*TASK PROMPT:*
Write the listing out once more, identical to the original but without pictures.

*RAW DATA:*
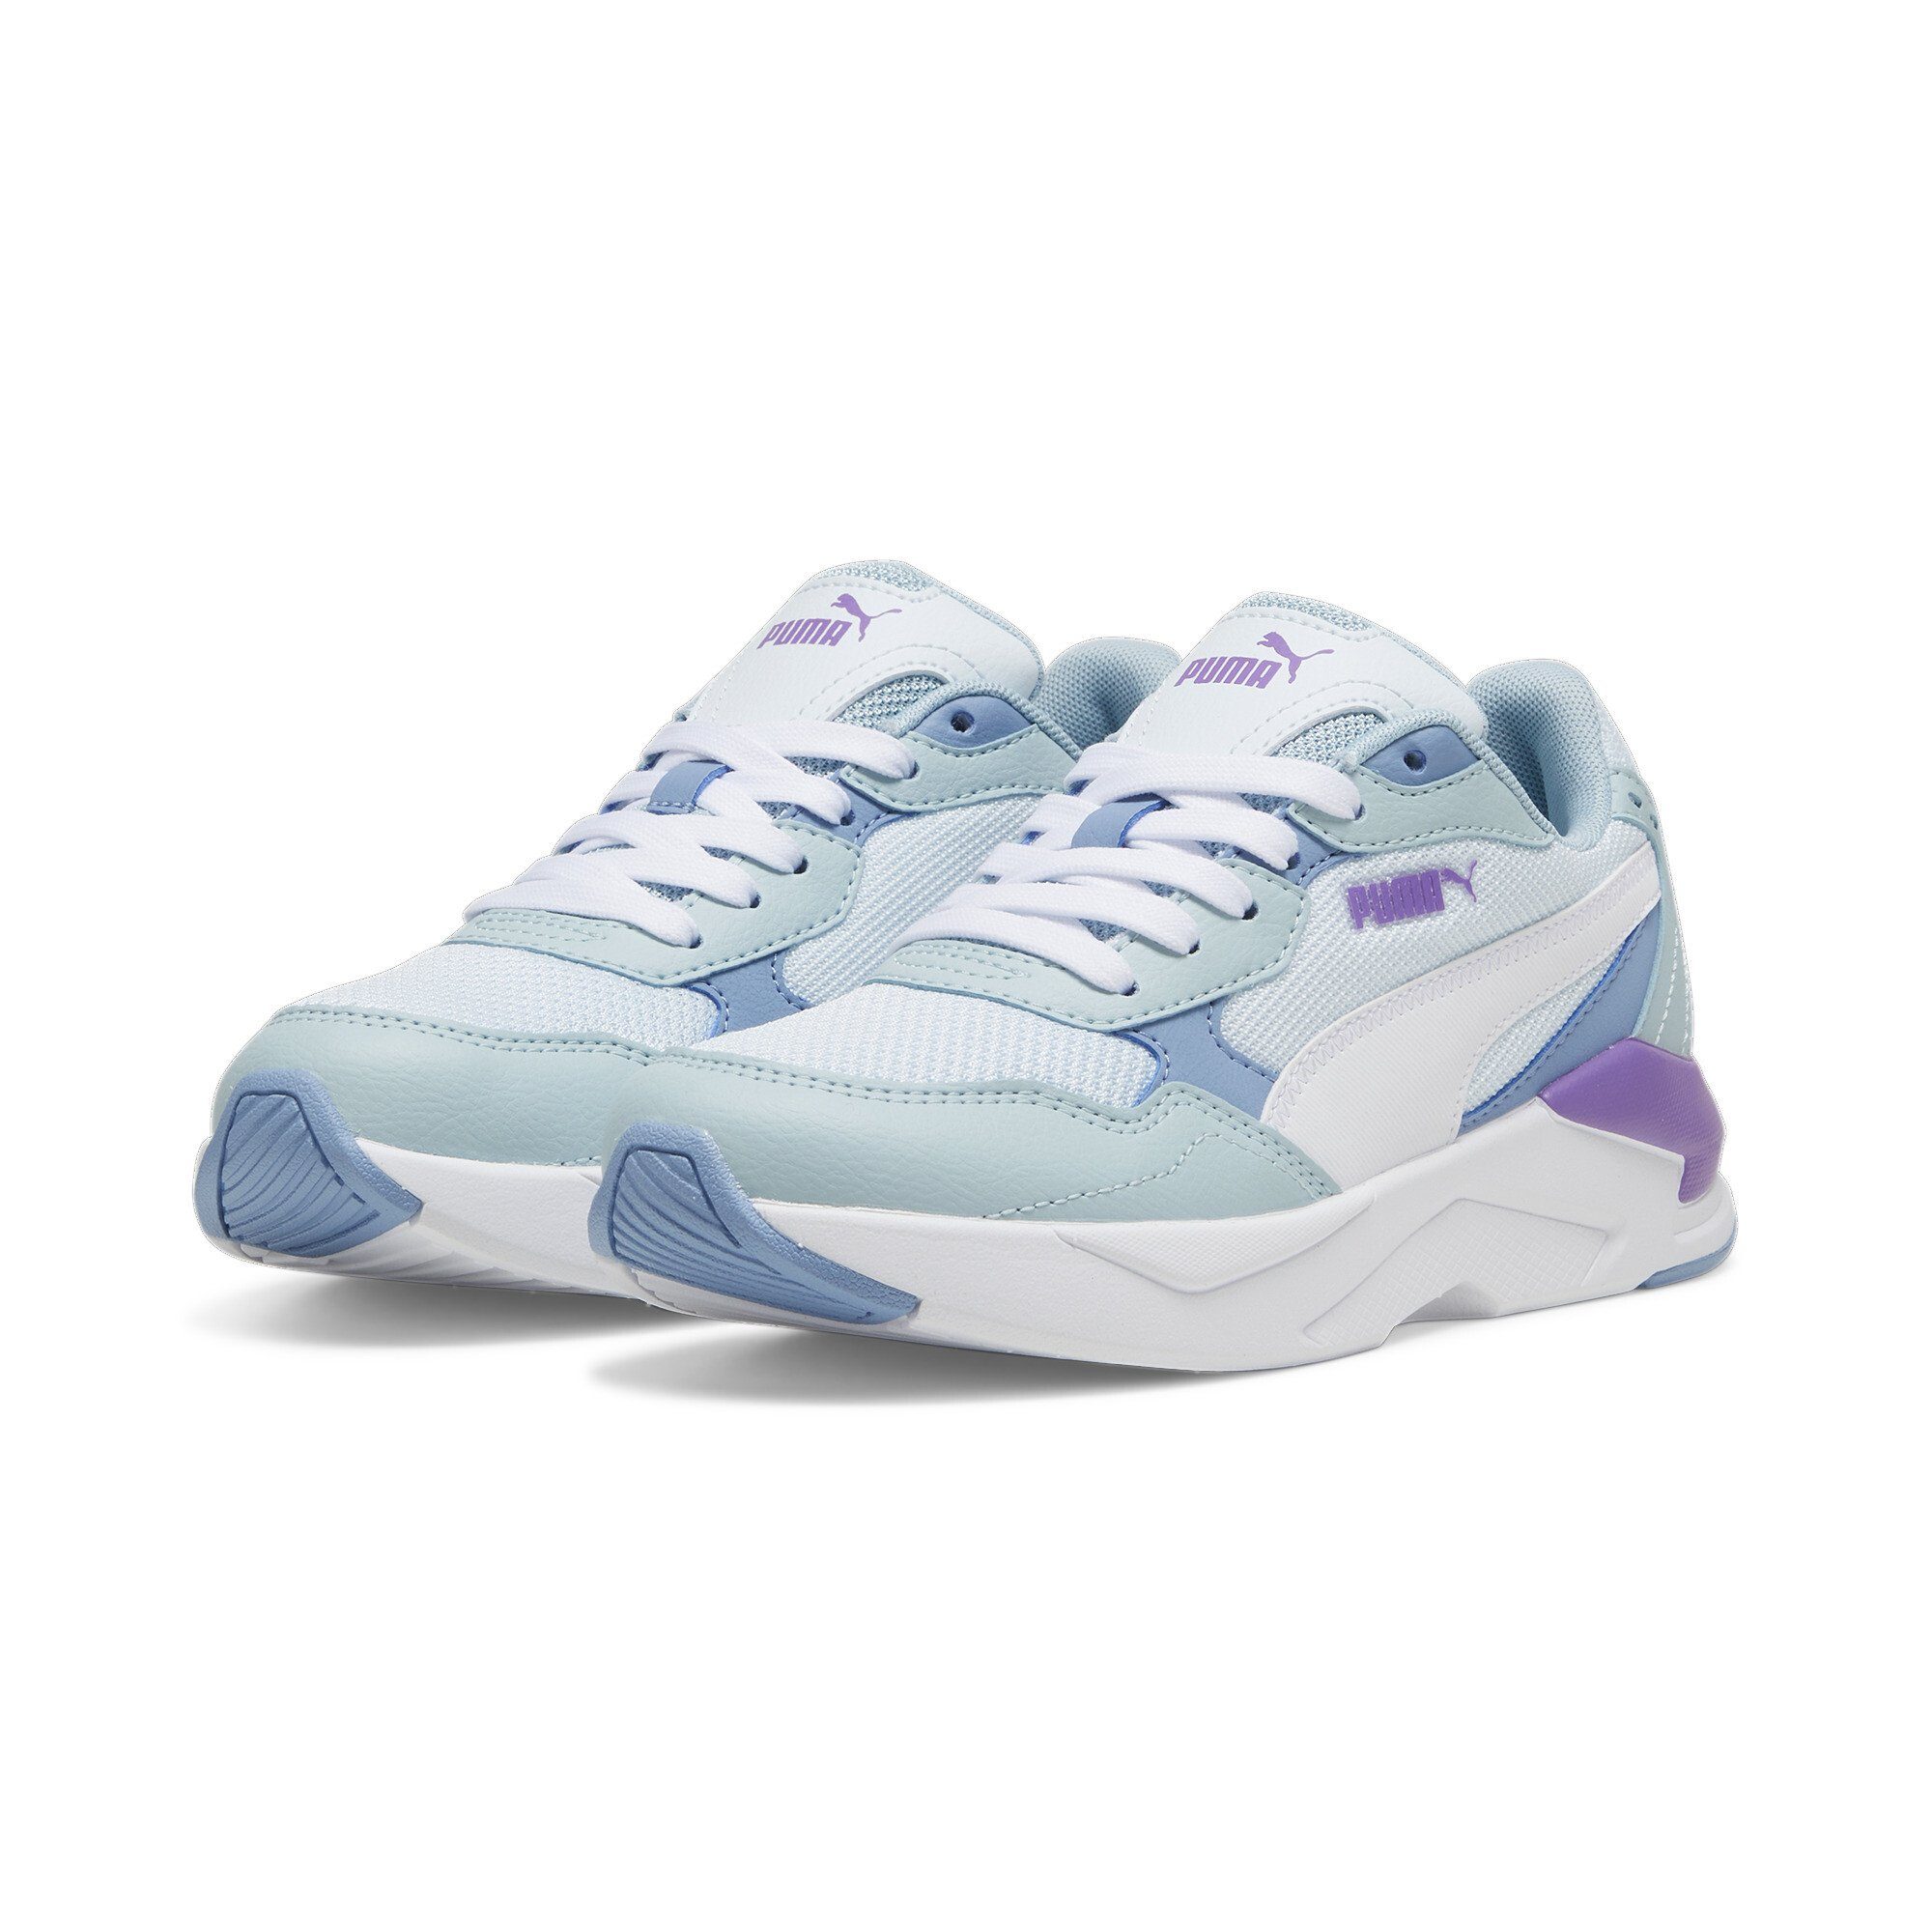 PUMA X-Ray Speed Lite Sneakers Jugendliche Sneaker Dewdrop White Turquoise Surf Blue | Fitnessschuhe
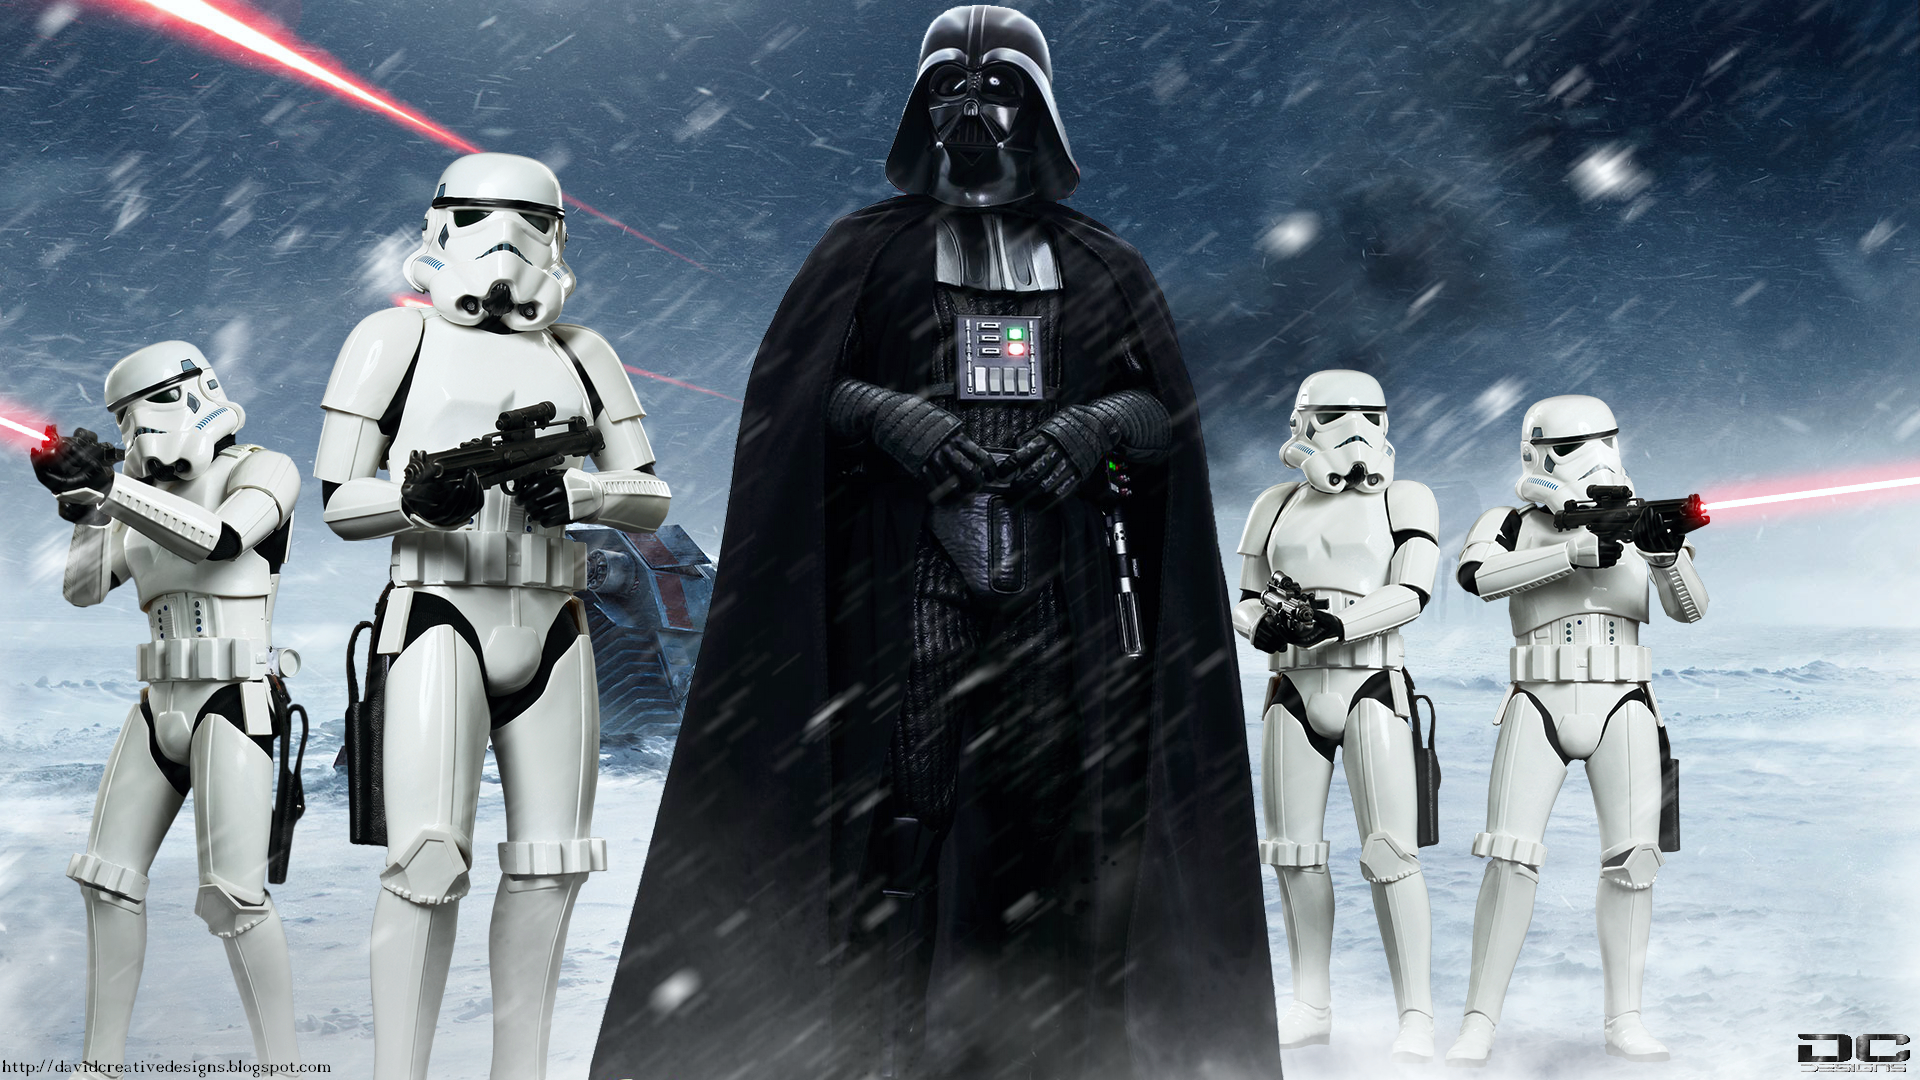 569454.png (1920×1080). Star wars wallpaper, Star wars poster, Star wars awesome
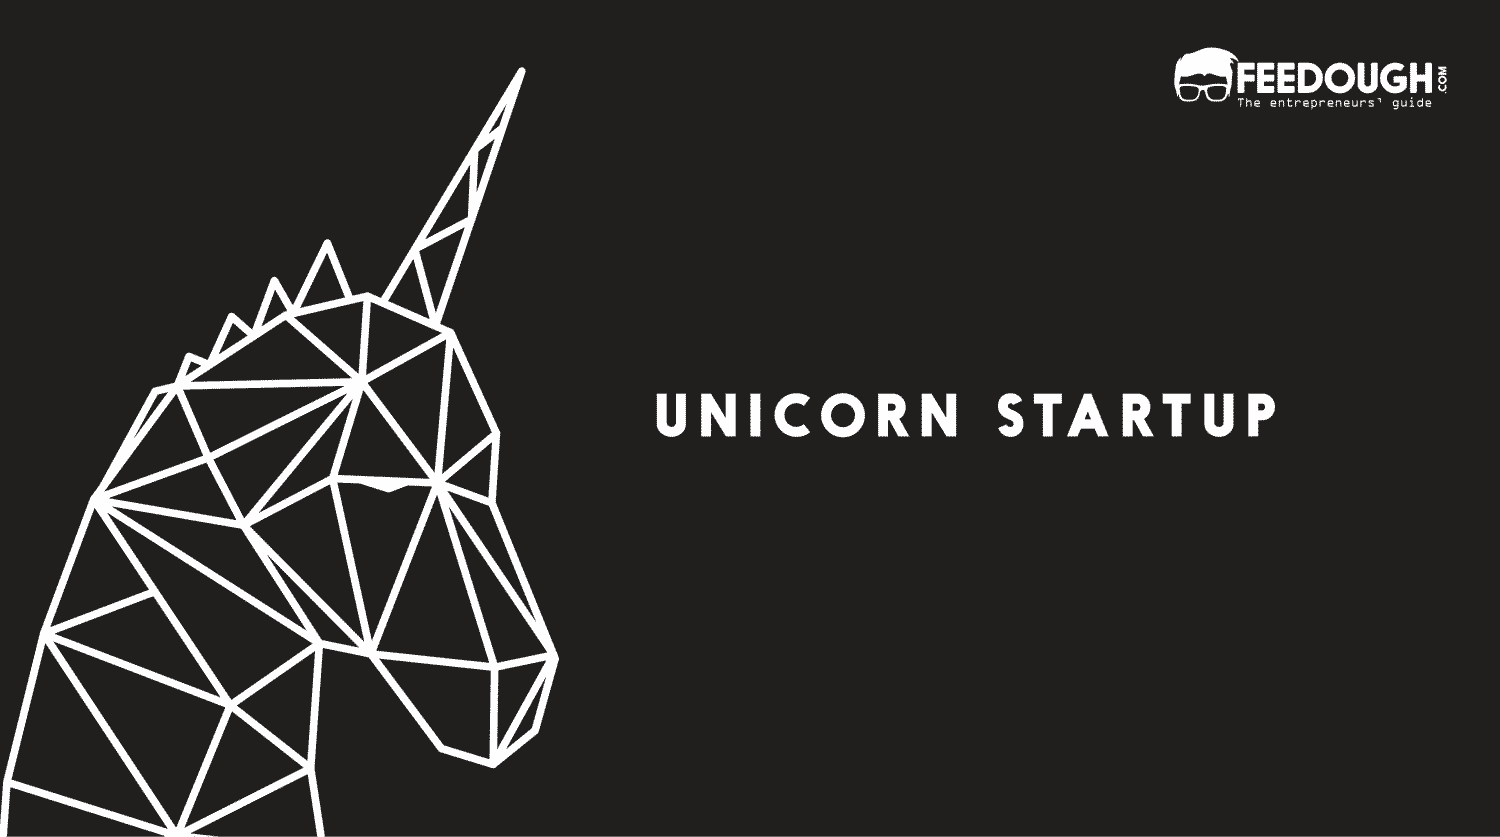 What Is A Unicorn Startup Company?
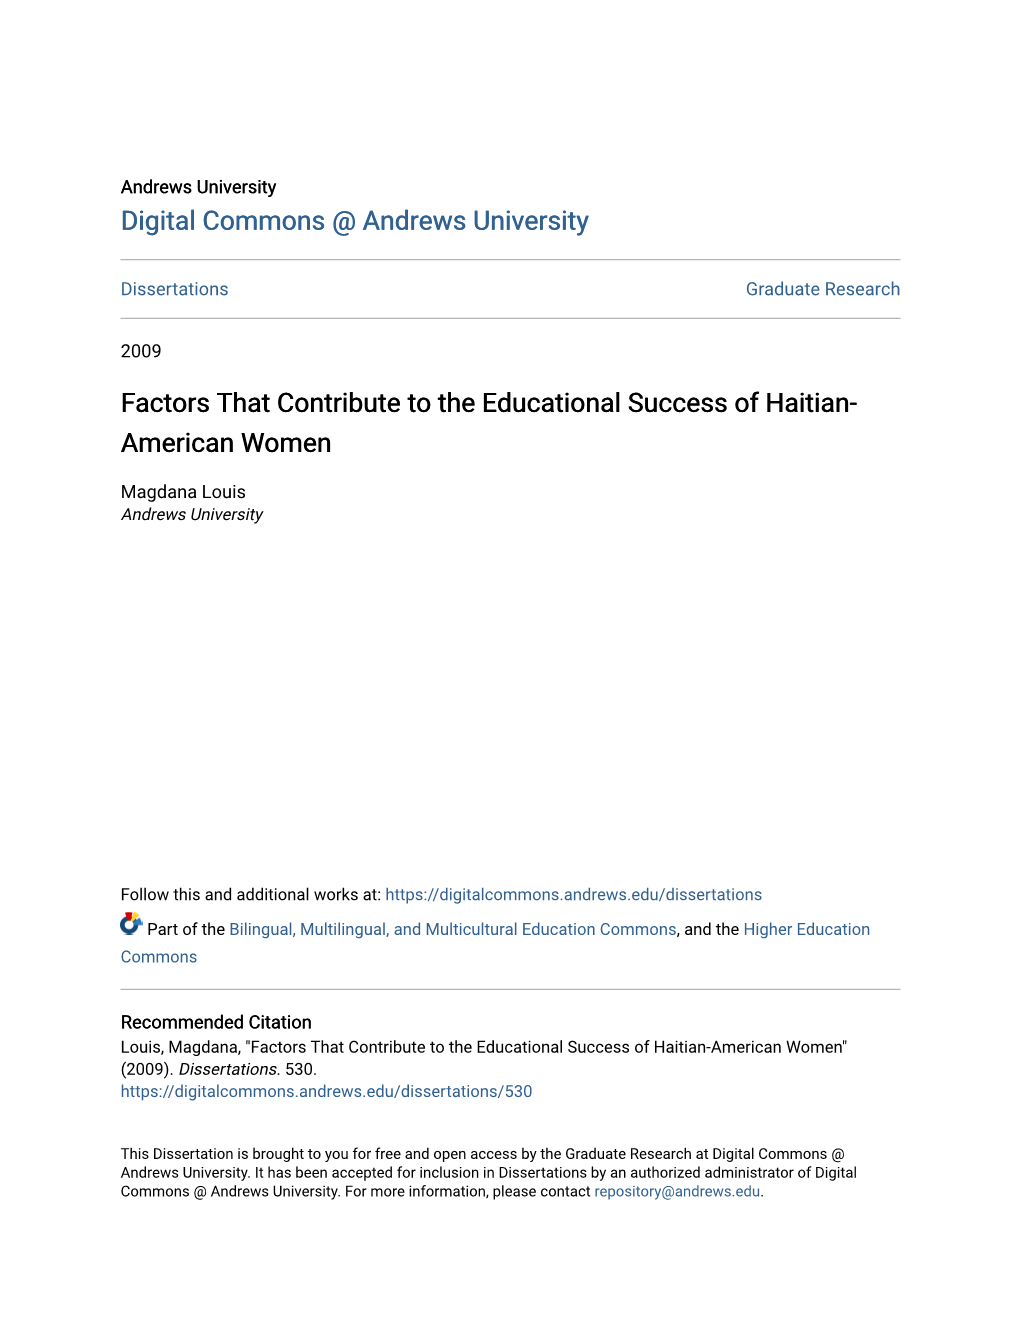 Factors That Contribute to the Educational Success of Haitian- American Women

*SOLVED EXERCISE:*
 PUMA X-Ray Speed Lite Sneakers Jugendliche Sneaker Dewdrop White Turquoise Surf Blue | Fitnessschuhe
 569454.png (1920×1080). Star wars wallpaper, Star wars poster, Star wars awesome
 What Is A Unicorn Startup Company?
 Factors That Contribute to the Educational Success of Haitian- American Women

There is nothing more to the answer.